The relationship between serum testosterone (T) and the metabolic syndrome was examined in a systematic review of 20 manuscripts (13 cross sectional, 3 longitudinal and 4 randomized controlled studies). Consistent outcomes of these papers were presented and compared.
Metabolic Syndrome (MetS) is a cluster of risk factors including abdominal obesity, increased blood glucose and/or insulin resistance, dyslipidemia and hypertension. MetS is associated with a two-fold increase of 5-10 year risk of cardiovascular (CV) diseases and five-fold increase in risk for type 2 diabetes (T2DM). The presence of hypogonadism in men with MetS and erectile dysfunction (ED) is associated with a greater severity of symptoms of sexual dysfunction, other than ED. ED and male hypogonadism have been recently recognized as possible predictors of forthcoming metabolic diseases and CV events. ED subjects have been considered paradoxically “lucky” because this symptom might offer them the opportunity to screen for the presence of ED-associated morbidities, including hypogonadism.

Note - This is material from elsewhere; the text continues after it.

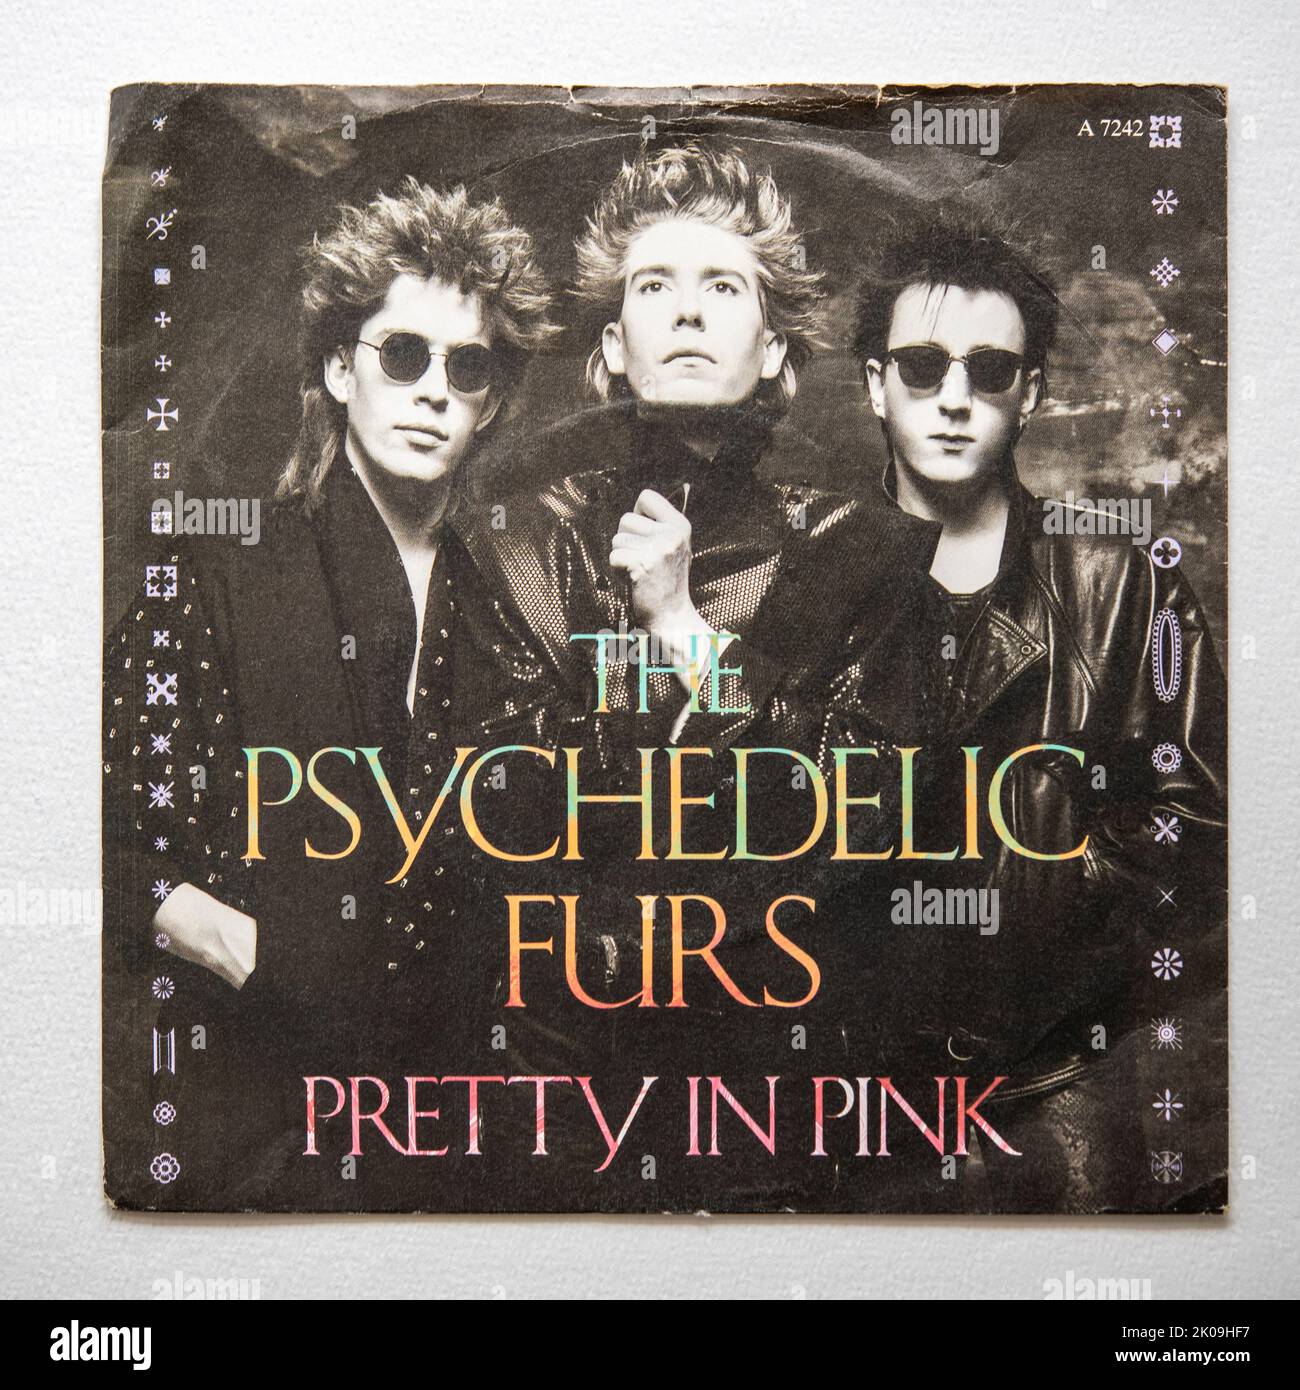 Picture cover of the seven inch single version of Pretty in Pink by The Psychedelic Furs, which was released in 1986. Stock Photo

The specific mechanism through which hypogonadism might affect CV health have not been completely clarified, but both clinical and animal evidence shows that T exerts a favorable effect upon vascular reactivity, inflammation, cytokine production and adhesion molecule expressions, as well as on serum lipid concentration and hemostatic factors. It has been speculated that the presence of hypogonadism and ED in subjects with MetS should alert clinicians that such people deserve a more intensive lifestyle changes at an early stage to delay progression to a higher risk category. Unfortunately, no study has specifically evaluated this point in subjects with ED, whereas only a few RCTs on the metabolic effect of T replacement therapy in subjects with MetS have been published.

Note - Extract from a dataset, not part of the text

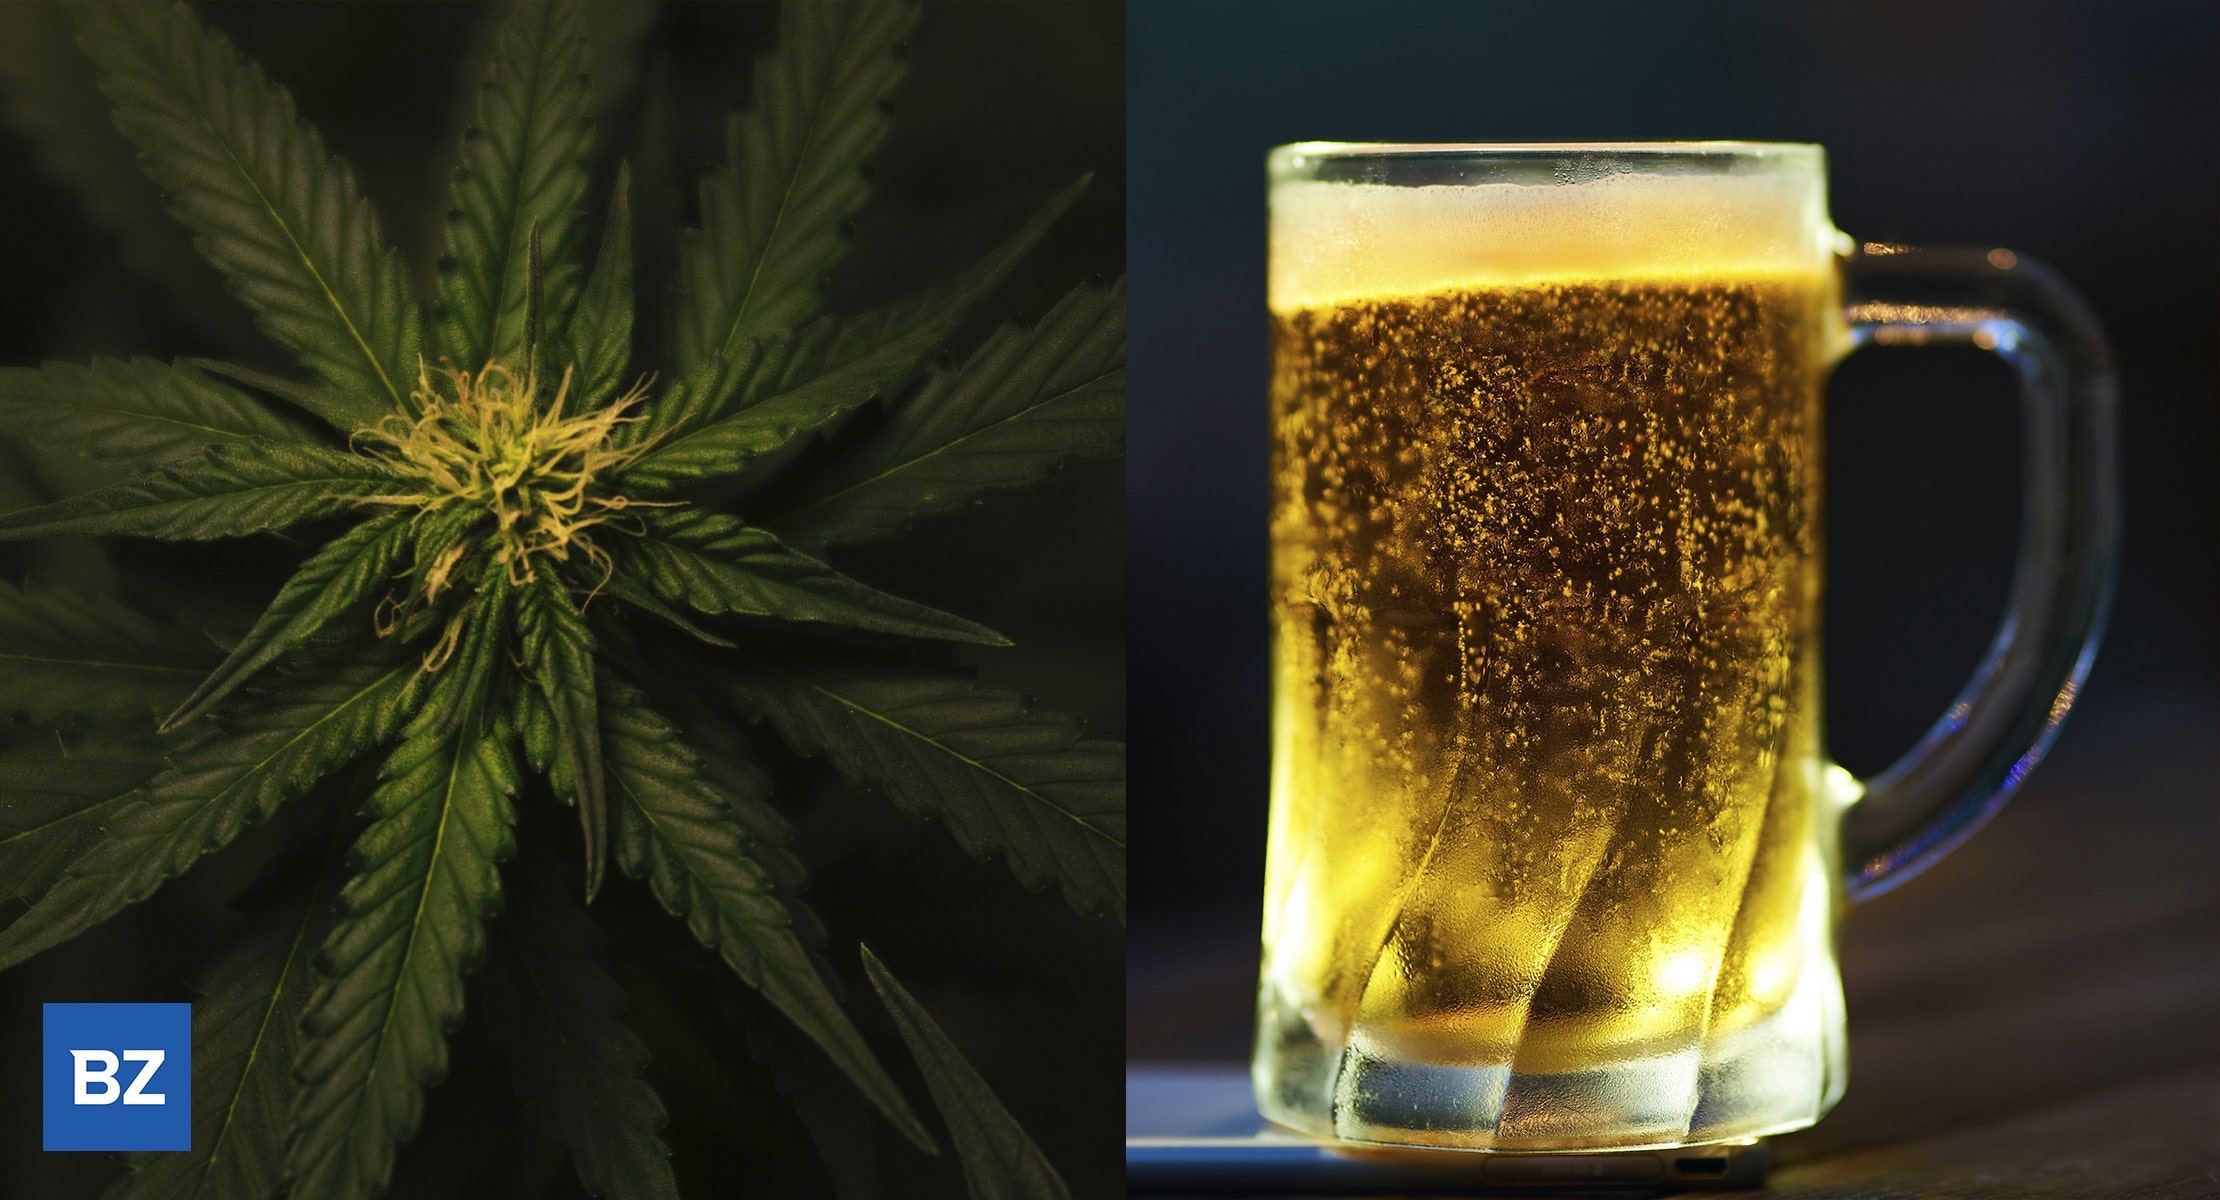 Recreational Cannabis Legalization Correlated With Decrease In Alcohol Use Disorder, New Study Finds

MetS is significantly associated with an overall lower total testosterone (TT). This difference is more evident in studies conducted in subjects with ED than in those without. The association among MetS, hypogonadism and ED is well recognized; in fact the syndrome is highly prevalent in subjects with ED and low T. The specific mechanisms linking MetS and male hypogonadism have not been completely clarified. Low T could be considered one of the many adverse consequences of overweight and obesity. On the other hand, hypogonadism could contribute to the accumulation of excess fat and to the reduction of insulin sensitive muscular mass, thus establishing a vicious cycle. Insulin resistance has been recently considered the common pathogenic link between ED, MetS and male hypogonadism.
Reference: Corona G, Monami M, et al. Testosterone and metabolic syndrome. J Sex Med 2011;8:272-283.